Do not repay anyone evil for evil. Be careful to do what is right in the eyes of everybody. 18 If it is possible, as far as it depends on you, live at peace with everyone. 19 Do not take revenge, my friends, but leave room for God's wrath, for it is written: "It is mine to avenge; I will repay," says the Lord. 20 On the contrary: "If your enemy is hungry, feed him; if he is thirsty, give him something to drink. In doing thins, you will heap burning coals on his head." 21 Do no be overcome by evil, but overcome evil with good.
How about the above is so much easier to read over than to actually put into practice. Personally, I am pretty decent at letting things go. I do not hold grudges for years or even days. Once I forgive, I do work earnestly to move beyond the situation (too bad, I am not very successful at the forgetting part). It may take a while but eventually, with God's help, I move on.
However, there are times when I feel like a good dose of payback is just what the good doctor ordered. At peace with everyone? Who does that? I cannot remember the last time I actually took revenge out on someone but I know I have plotted. Then that Jesus Walk thing pops into my head and I know to leave it for God. Right. He will take care of things. Personally, I would like to see him deal with it right away, on my time table. It is not easy to let it go and know that God will handle it. On top of that, He wants us to kill them with kindness. Is not asking a lot?

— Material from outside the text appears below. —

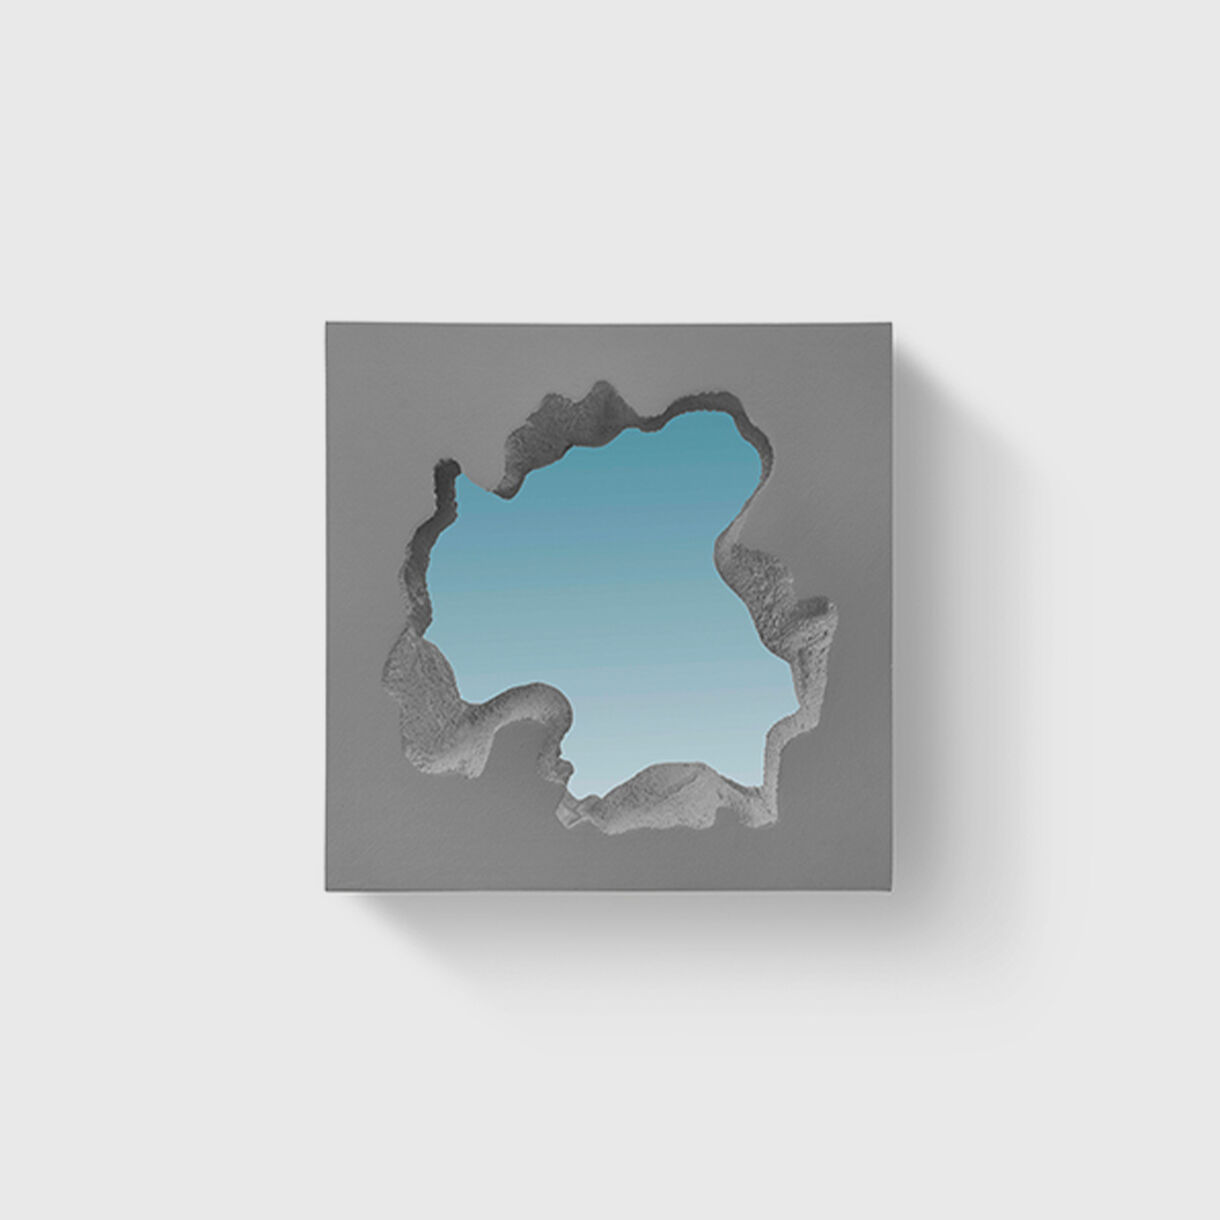 Broken Square Mirror, Grey

Of course it is. The bottom line is that we must try. It is not some silly notion because it actually benefits our spirit. Instead of being filled with anger or evil plotting, we can be filled with peace. We can let it go and focus our energies on more productive areas of our lives. It does make sense. Lastly, faithful to God in not only our thoughts but also our deeds will sow powerful seeds. God will protect us and take care of us for staying faithful to his word. It is hard to keep all that in perspective sometimes. From experience, I would rather banish the hurt and anger, leaving it with God, and envelope myself in peace, God's peace.